They sat under a rose and golden dawn in the middle of an immaculately groomed garden. Lin Piao had ordered a golden lacquer table set on the slate flagstones to one side of the meandering pathway, laid with dishes of fruit, cooked grains and more spiced vegetables. Michael was ravenous and ate an amount that surprised even himself. Lin Piao Tai picked at his food, watching his guest with obvious delight.

  “There is no finer satisfaction than catering to an appetite, and no greater compliment than eliminating one,” he said. Michael agreed and wiped his mouth with a raw silk napkin. “Today, I would enjoy having you tour my grounds. You should see what a fine place I’ve made of my prison.”

  “Prison?”

  Lin Piao’s expression tilted slightly toward sadness, then brightened again, as if on cue. “Yes. I have been audacious in my time, and now I pay for it. The Sidhe do not forgive.”
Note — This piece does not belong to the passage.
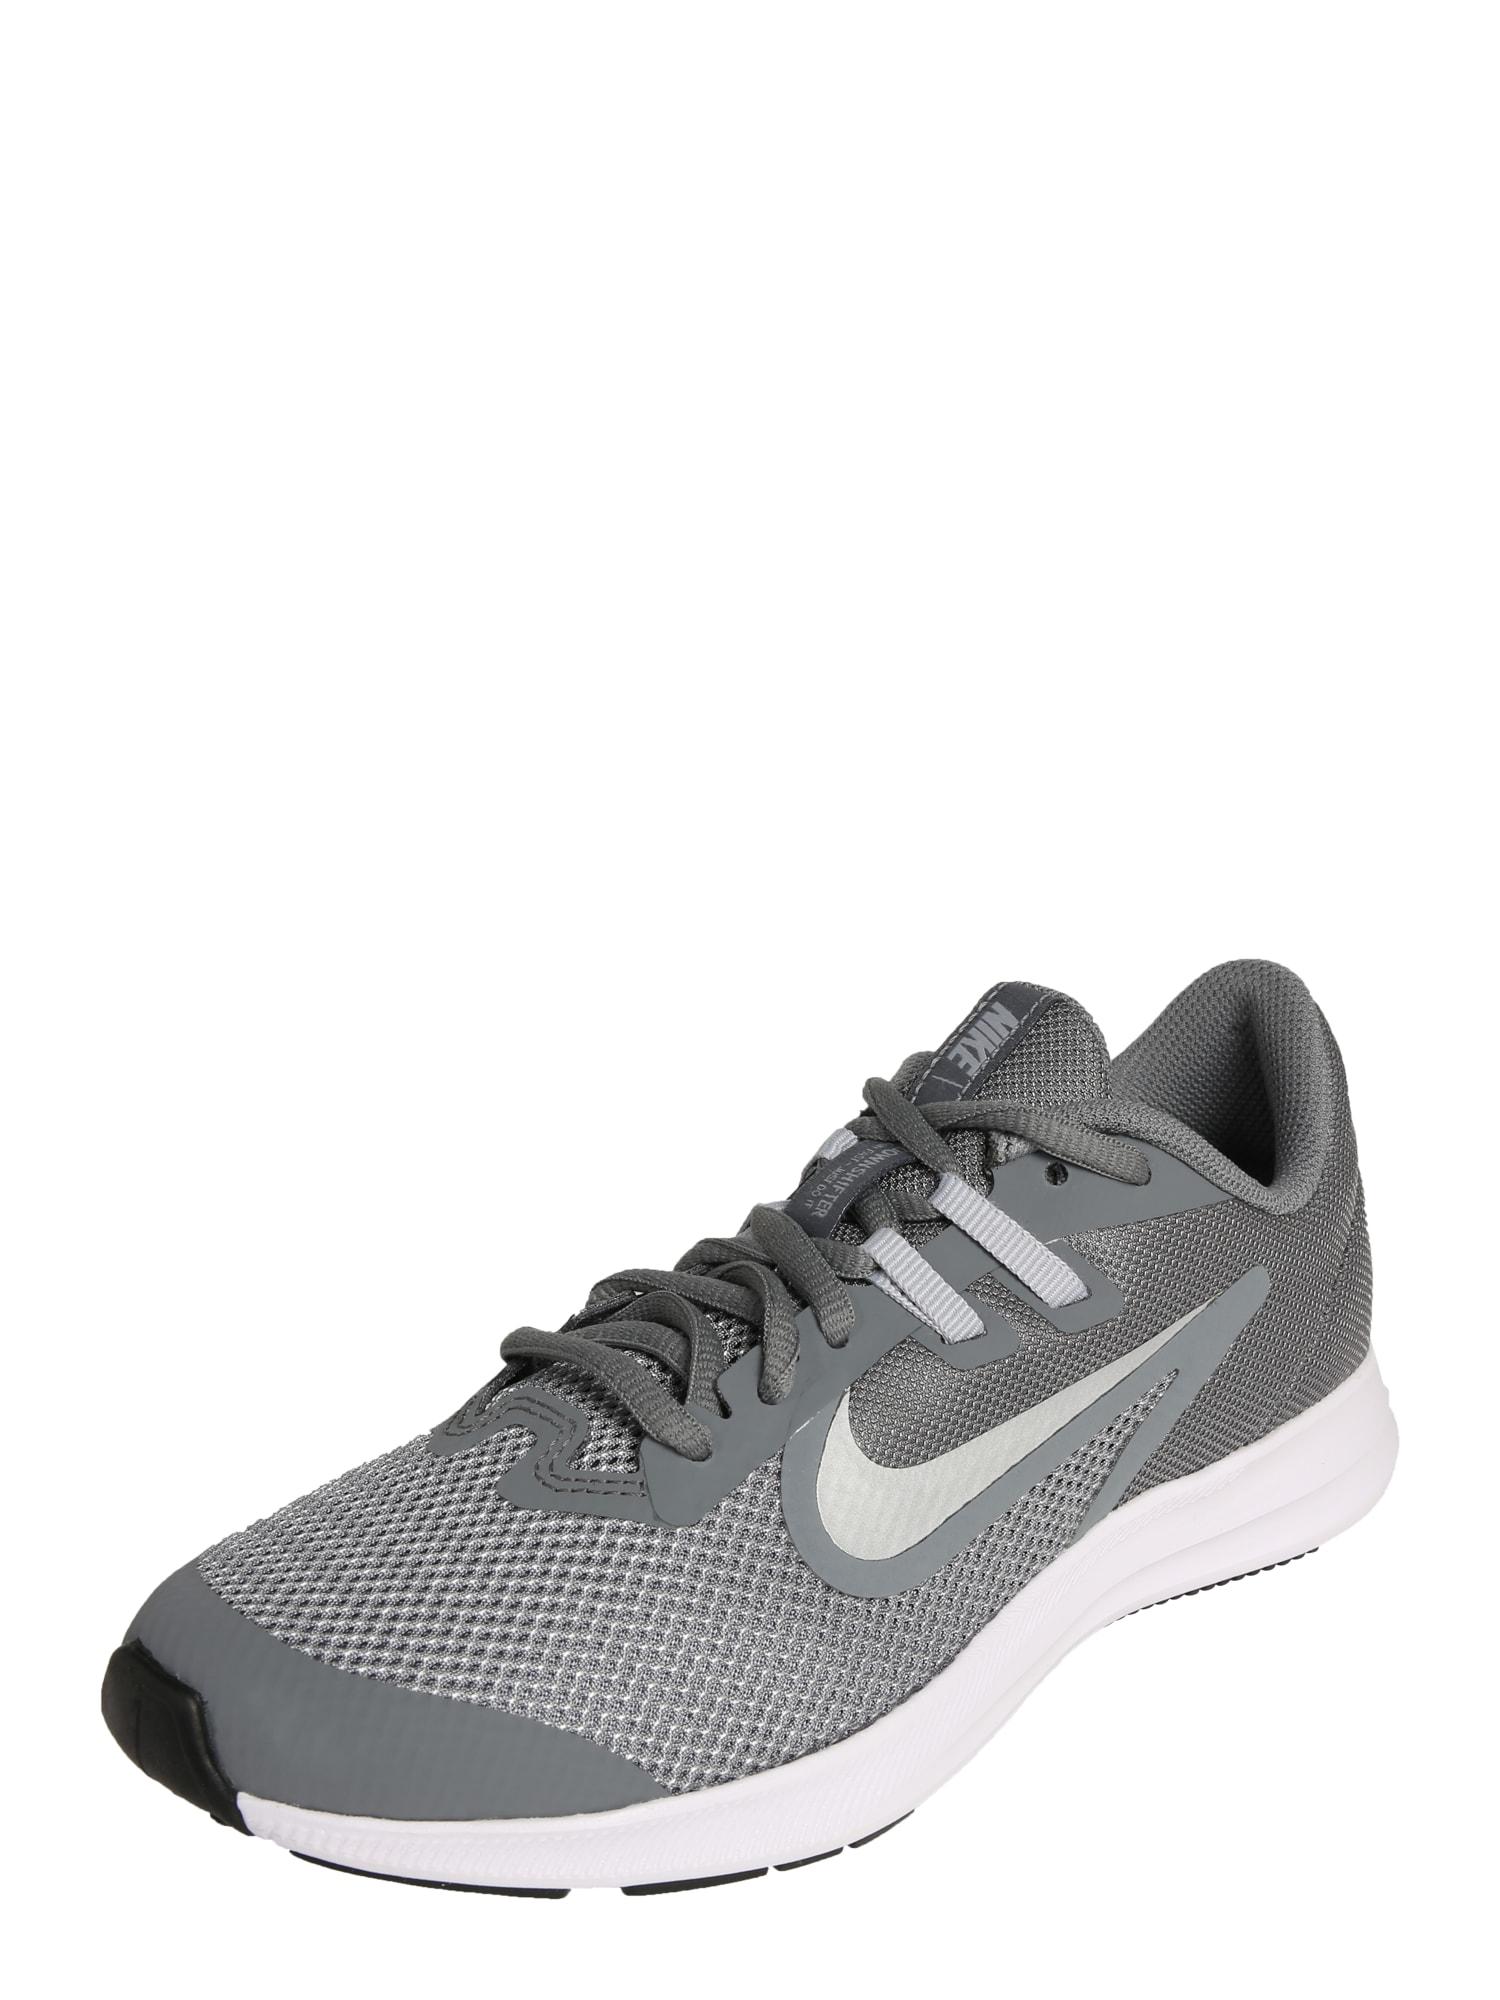 Sportovní boty Downshifter 9 světle šedá bílá NIKE

  “What did you do to them?”

  “I served. Shall we walk?” He led Michael through the gardens, pointing out the various tiers and banks of flowers, all, of course, of assorted golden and yellow hues. A fine mist gently blurred the gardens as they came to the end of the path, blocked by a tall black lava wall. “I was a faithful servant,” Lin Piao continued. “In those days, the Sidhe had long since returned to the Earth. They had dissipated themselves between the stars, you know—you’ve heard most of this before? Good. It tires me to relate Sidhe history. They were not as vigorous as they had once been. They still used Spryggla, and we still did their bidding, though our numbers had diminished even from the few of times past.”
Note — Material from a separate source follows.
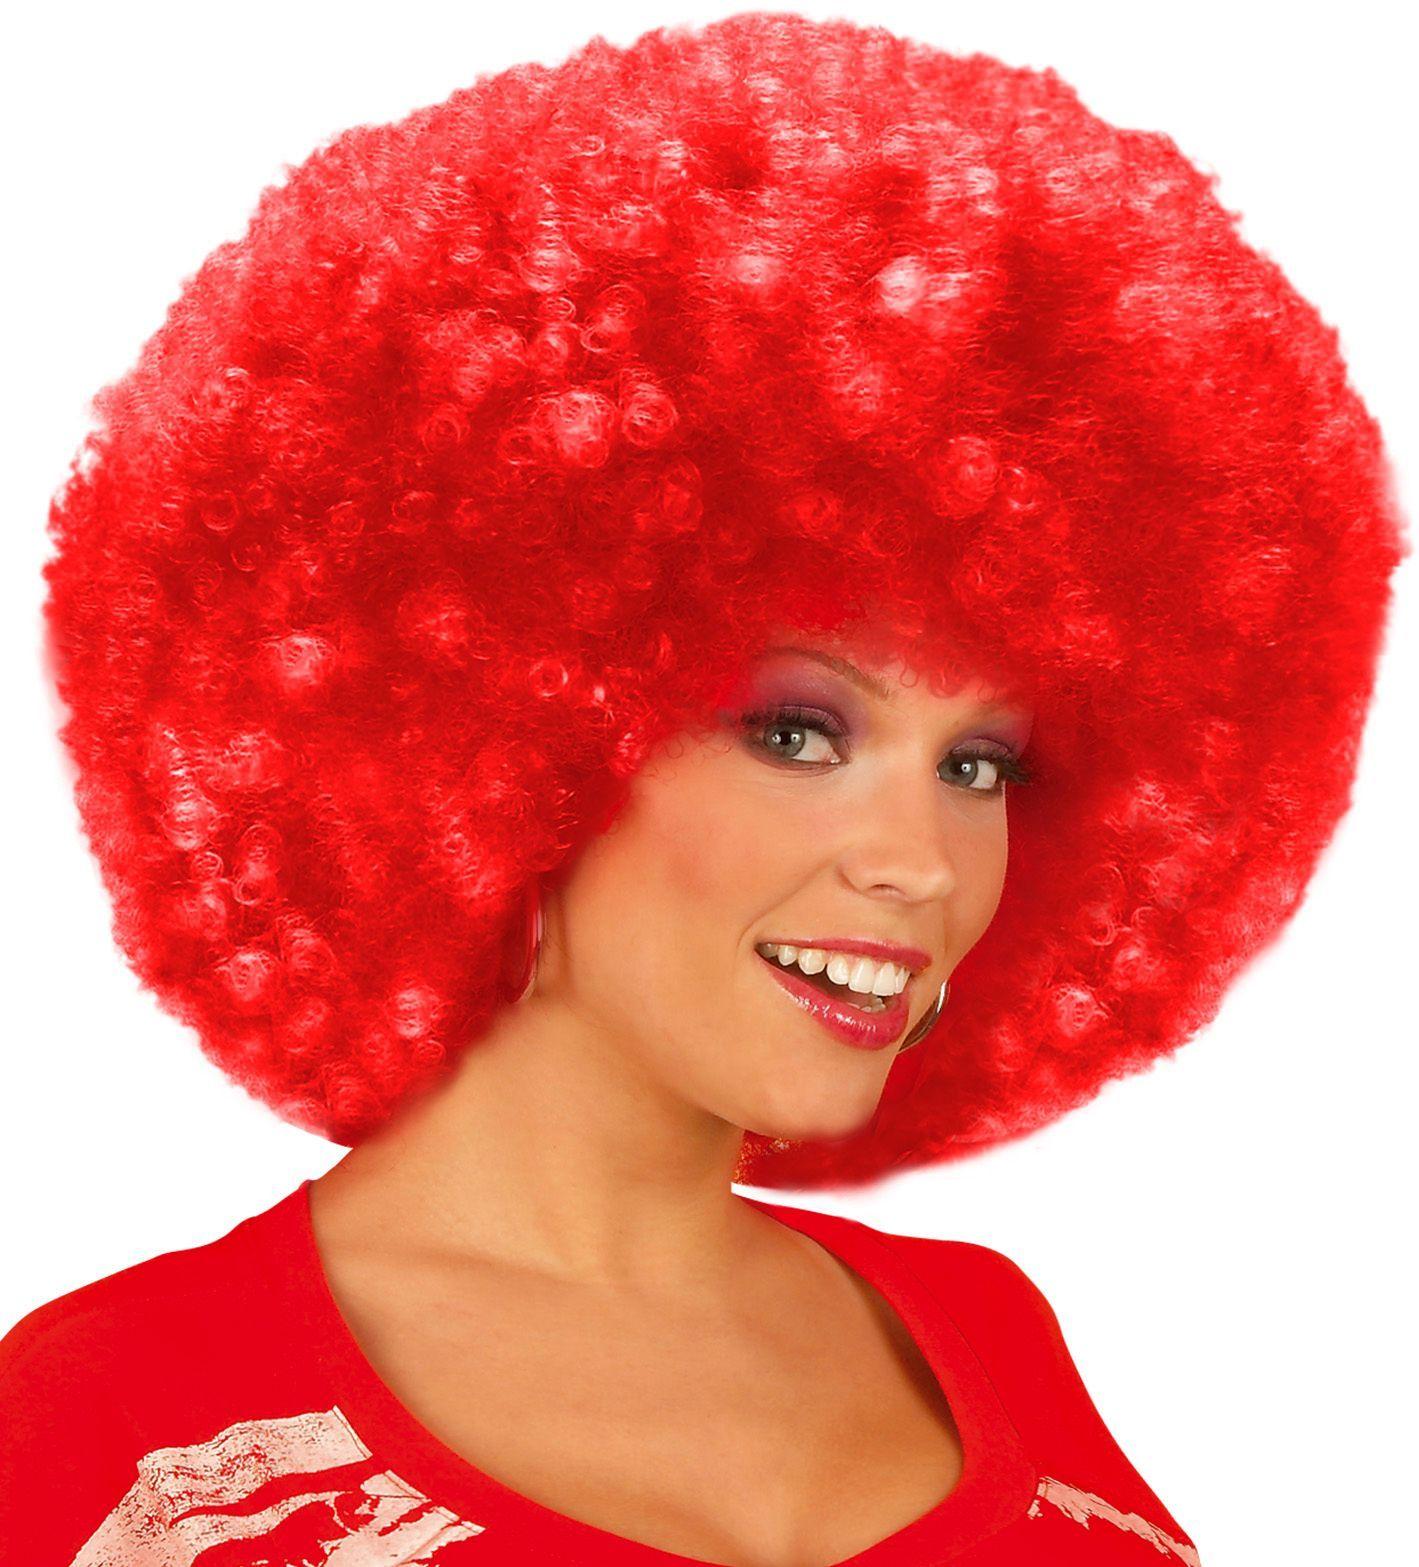 Rode afro pruik met krullen

  He pulled his golden robes aside and sat on a smooth onyx bench. “There was a conflict. Two factions of the Sidhe—perhaps more—were disputing over how they should conduct themselves on Earth. The Realm had already been opened to Sidhe migration, you see, and many Sidhe had come here, rather than remain in the lands of the new human race. In their squabbles, the factions created various songs of power, hoping to outdo each other. One faction planned to give the humans a song of power. I am confused as to the motives behind this—or even which faction engaged in such foolishness—but I believe it was the Black Order, and that they wished the humans to be just strong enough to force all Sidhe into the Realm, where Tarax could control them in the name of Adonna. Praise O Creator Adonna!” He winked at Michael. “They’ve done their worst, but it doesn’t hurt to follow the forms.
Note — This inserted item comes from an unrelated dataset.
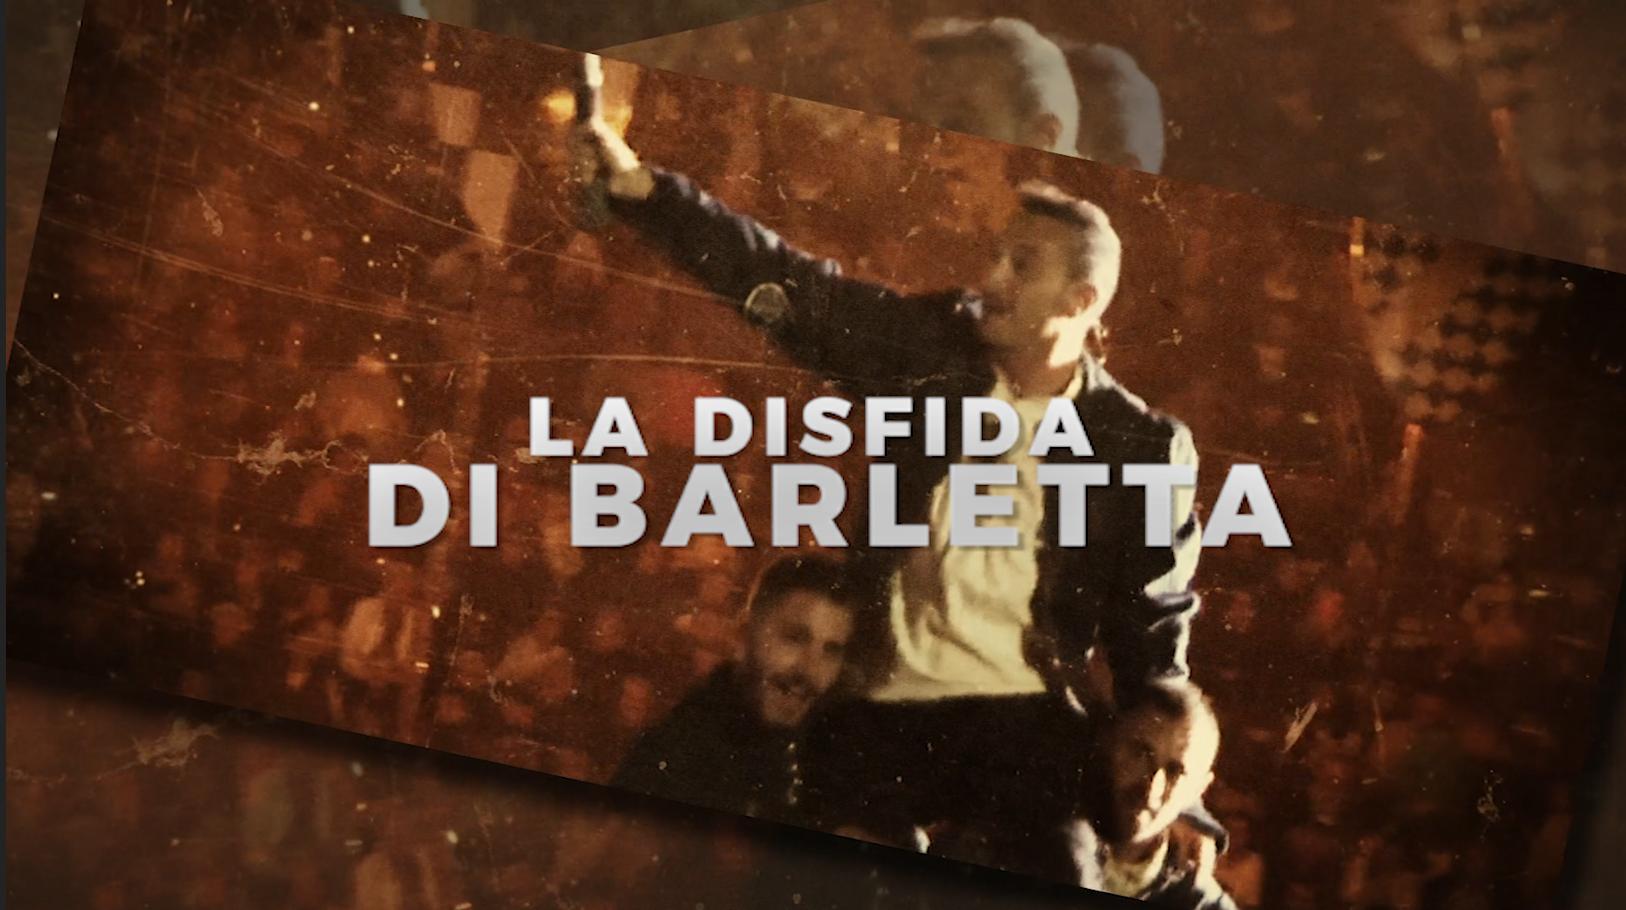 DISFIDA DI BARLETTA

  “I was highly regarded in those days, and so I was given the task of designing a palace for the Emperor Kubla, who would have it revealed in a dream. When Kubla Khan built the palace—and it was inevitable he would, given the strength of the dream and the beauty of my designs—in all its forms and measures it would embody an architectural song of power, making the Emperor the strongest human since the wars. I faithfully designed the palace, and others under my command prepared the dream… but a strange thing happened.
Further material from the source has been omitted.